Дядьку было холодно, и ему хотелось тепла. Этот вечный холод казался ему таким же неестественным, несправедливым, как суетливая луна и фиолетовое небо.
Командир дивизиона Дядька обратился к командиру его полка. Командир полка обратился к командиру батальона. Командир батальона обратился к командиру роты, в которой служил Дядек. Командир роты обратился к командующему взводом Дядька – к сержанту Брэкману.
Брэкман обратился к Дядьку, приказал ему подойти строевым шагом к человеку у столба и задушить его до смерти.
Брэкман сказал Дядьку, что это прямой приказ.
Дядек его выполнил.
Он строевым шагом двинулся к человеку у столба.
Он маршировал под жесткую, жестяную дробь строевого барабана. Барабан звучал на самом деле только у него в мозгу, его принимала антенна:
Дрянь-дребедень-дребедень-дребедень,
Дрянь-дребедень-дребедень.
Дрянь-дребедень,
Дрянь-дребедень,
Дрянь-дребедень-дребедень.
Подойдя вплотную к человеку у столба, Дядек замялся на одну секунду – уж очень несчастный вид был у этого рыжего парня. В черепе Дядька вспыхнула искорка боли – как первое прикосновение бормашины к зубу.

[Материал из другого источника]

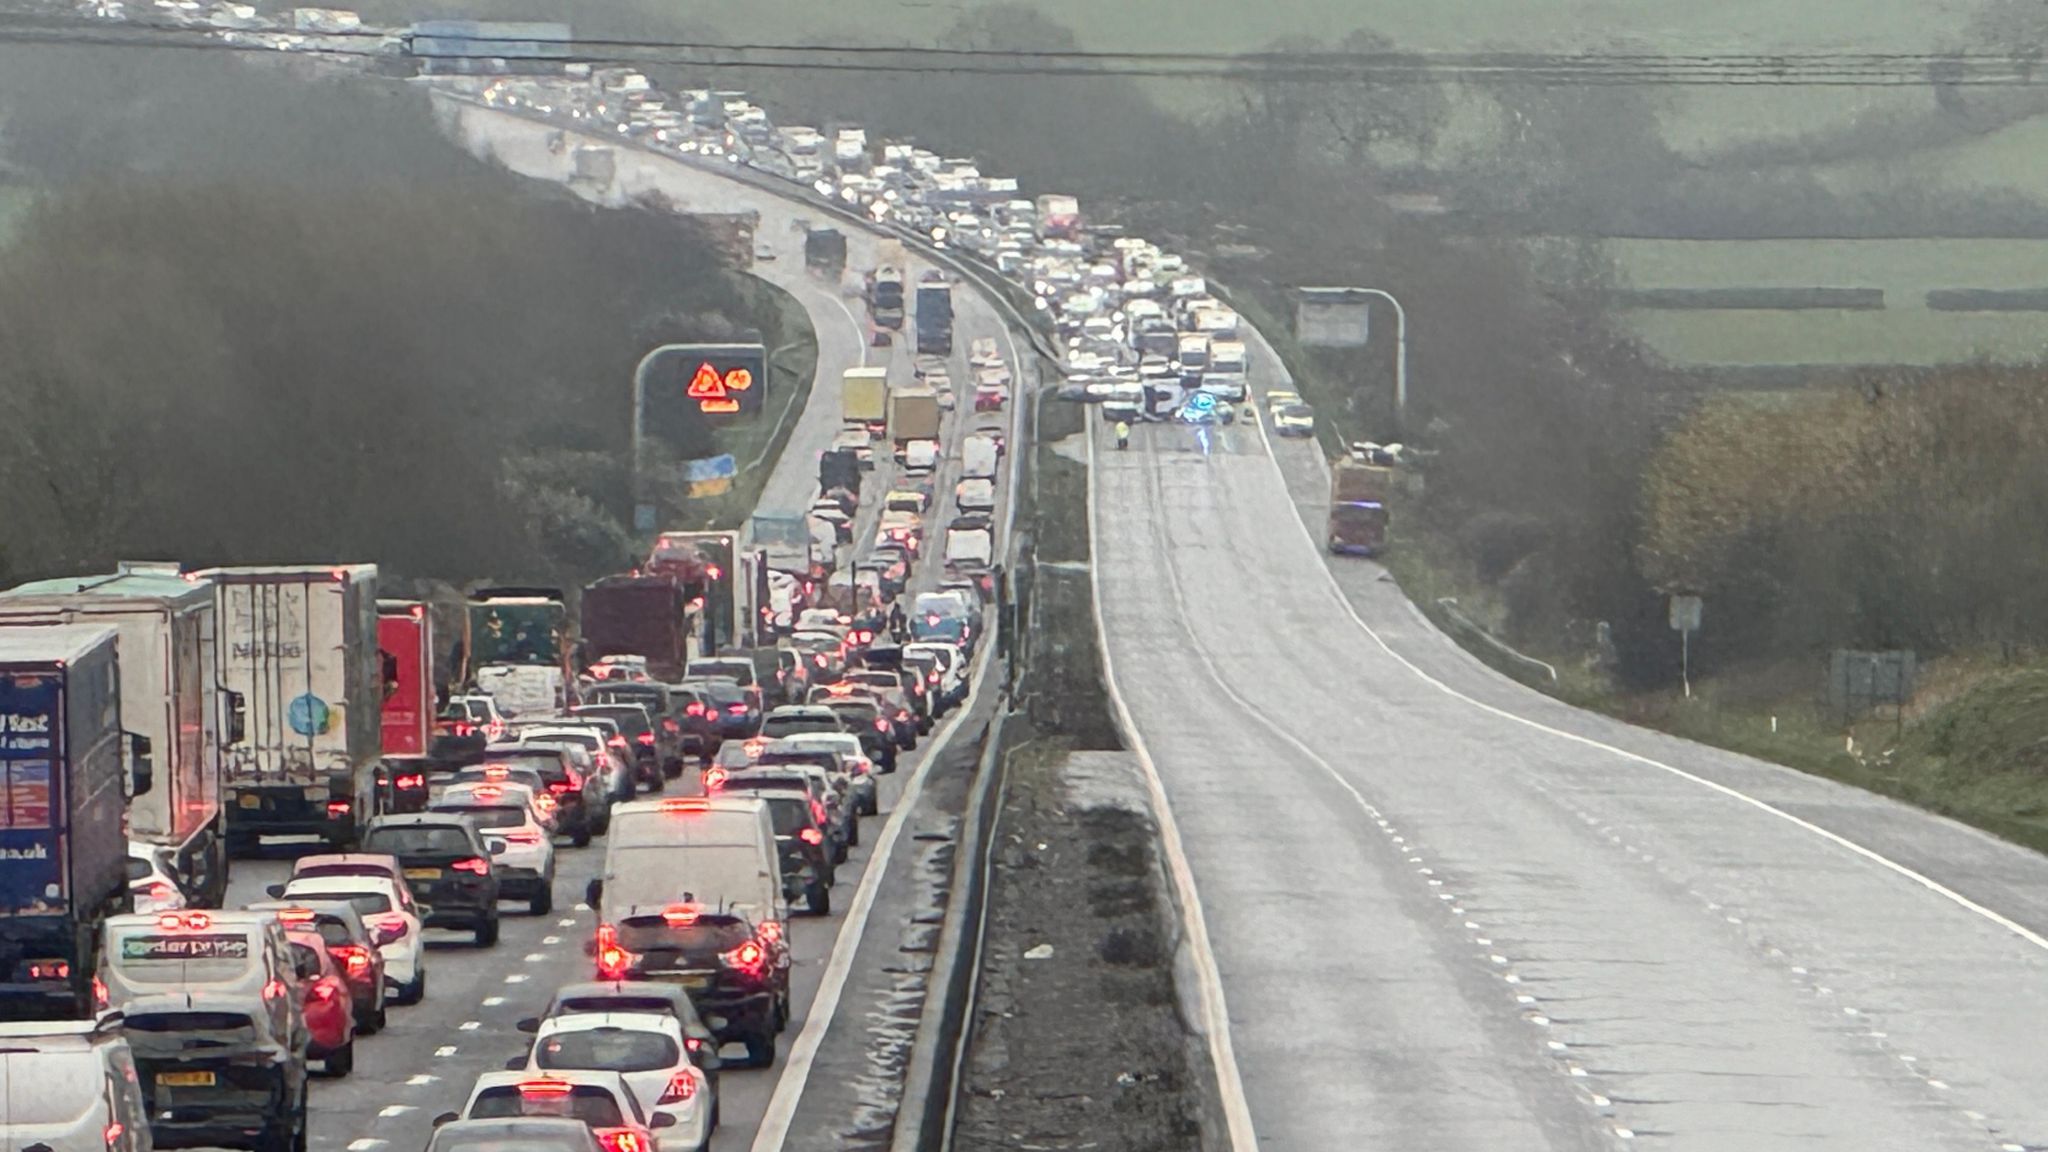 Traffic backing up on the M4

Дядек обхватил большими пальцами горло рыжего парня, и боль тут же пропала. Но Дядек не сжимал пальцы, потому что человек пытался что-то ему сказать. Дядек не понимал, почему тот молчит, но потом до него дошло, что антенна вынуждает его молчать, как все антенны вынуждали молчать всех солдат.
Героическим усилием человек у столба преодолел приказ своей антенны, заговорил торопливо, корчась от боли:
– Дядек… Дядек… Дядек… – твердил он, и судорожная борьба его воли с волей антенны заставляла его повторять имя с идиотской монотонностью. – Голубой камень. Дядек… – сказал он. – Двенадцатый барак… Письмо.
Жало боли снова угрожающе впилось в мозг Дядька.
Дядек, выполняя свой долг, задушил человека у столба – сдавливал ему горло до тех пор, пока лицо его не стало багровым и язык не вывалился наружу.
Дядек сделал шаг назад, встал навытяжку, четко повернулся «кругом» и промаршировал на свое место, опять под дробь барабана в голове:
Дрянь-дребедень-дребедень-дребедень,
Дрянь-дребедень-дребедень.
Дрянь-дребедень,
Дрянь-дребедень,
Дрянь-дребедень-дребедень.
Сержант Брэкман кивнул Дядьку, одобрительно подмигнул.
И вновь все десять тысяч солдат встали навытяжку. О ужас! – мертвец у столба тоже попытался выпрямиться, гремя цепями. Он не сумел встать по стойке «смирно», как образцовый солдат, – не потому, что не старался быть образцовым солдатом, а потому, что был мертв.
Громадное каре разбилось на отдельные прямоугольники. Прямоугольники механически промаршировали с плаца, и у каждого солдата в голове бил свой барабан. Посторонний зритель не услышал бы ничего – только топот сапог.
Посторонний зритель нипочем не догадался бы, кто же по-настоящему командует, потому что даже генералы, как марионетки, печатали шаг в такт идиотским словам:
Дрянь-дребедень-дребедень-дребедень,
Дрянь-дребедень-дребедень.
Дрянь-дребедень,
Дрянь-дребедень,
Дрянь-дребедень-дребедень.
Глава 5
Письмо неизвестного героя
«Мы можем сделать память человека практически такой же стерильной, как скальпель в автоклаве. Но крупицы нового опыта начинают накапливаться почти сразу же. А эти крупицы образуют логические цепи, не вполне подобающие образу мыслей солдата. К сожалению, проблема такого вторичного заражения на сегодняшний день неразрешима».
– Доктор Моррис Н Касл,Директор Центра психического оздоровления, Марс
Подразделение Дядька остановилось возле гранитного барака. Это был один из многих тысяч бараков, ровными рядами уходивших вдаль, в бесконечность плоской железной равнины. Перед каждым десятым бараком на флагштоке развевалось знамя, щелкая на резком ветру.
Все знамена были разные.
Знамя, реявшее над бараком роты Дядька, как ангел-хранитель, было веселенькой расцветки: в красную и белую полоску, с целой россыпью звезд на синем фоне. Это был государственный флаг Соединенных Штатов Америки, что на Земле, – Old Glory. Дальше реяло знамя Союза Советских Социалистических Республик.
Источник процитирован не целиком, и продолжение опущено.